The 147 burned bodies, the victims of the Triangle Shirtwaist fire, apparently had no effect on the jury, who found Triangle bosses Max Blanck and Isaac Harris innocent of negligence in their deaths. The courtroom was half empty as the verdict was read. The judge had allowed only close friends and relatives of the defendants to enter the courtroom. Outside the courthouse, however, there were hundreds of relatives of the victims howling in protest. After police had occupied protesters in front, the judge allowed Blanck and Harris to sneak out a back door. The moral of this sad story is that the only thing simple laborers have to protect themselves under these circumstances, is their unions, their own power.

75 Years Ago in the Forward

Anti-Semitic attacks were printed this week in Italian dictator Benito Mussolini’s Milan-based newspaper, Populo D’Italia. This is the first time that anti-Jewish threats have appeared in the paper, and many believe they were written by Mussolini himself. The article described how, in France, only 2% of the population is Jewish, but the entire government is controlled by Jews. Ultimately, it continued, Christian citizens will be enslaved by the Jews. It is being said that recent attacks on Jews in the Italian colony of Tripoli were the fault of Mussolini’s followers.

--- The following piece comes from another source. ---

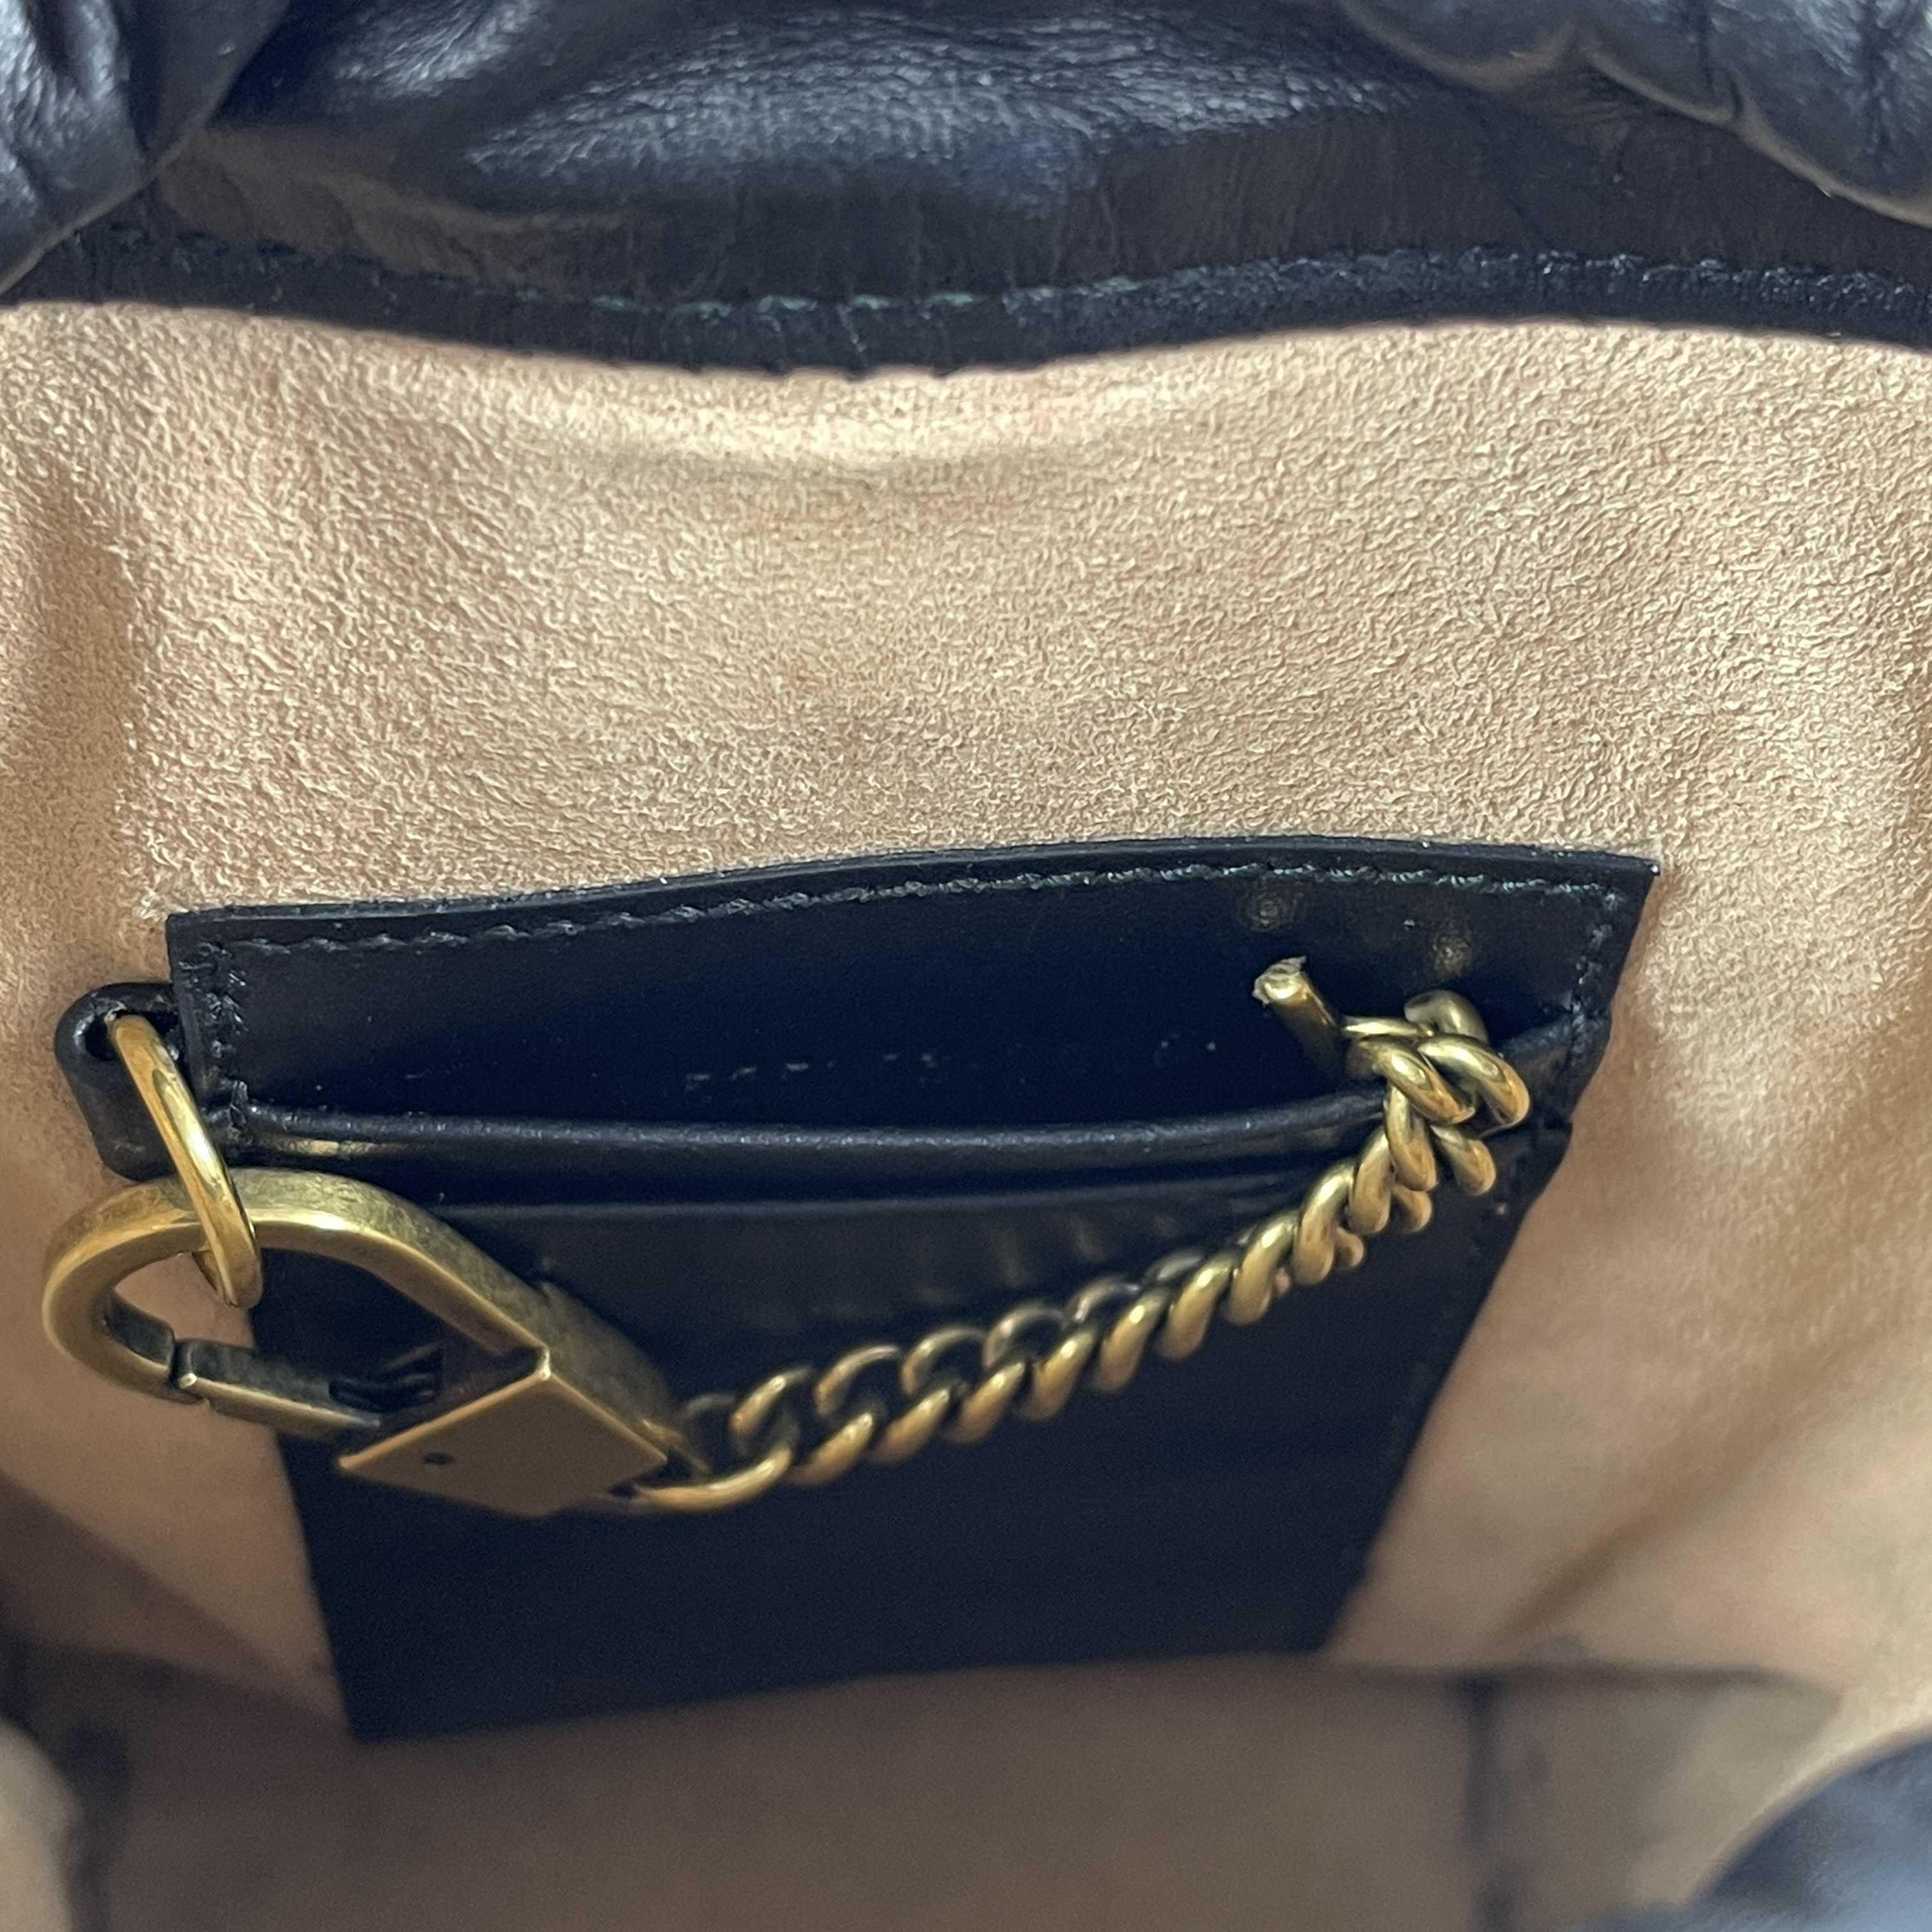 Gucci - Very Good - GG Marmont Bucket Bag Mini - Black - Handbag 2

50 Years Ago in the Forward

Longtime Polish-Jewish communist leader Henrik Holland is dead. Holland, who started his career before World War II in the communist youth movement, survived the war and then threw his entire body and soul into the movement. After Stalin’s death, Holland became one of the liberal revisionists who supported the rise of communist General Secretary Vladislav Gomulka. But two years ago, when the secret police began to investigate the “revisionists,” Holland was pulled back from the front lines of party life. Last week he was arrested on unknown charges and, after two days, brought back to his apartment with the police so they could begin an investigation. But shortly after they entered, Holland threw himself out of a fifth story window, landing dead on the pavement.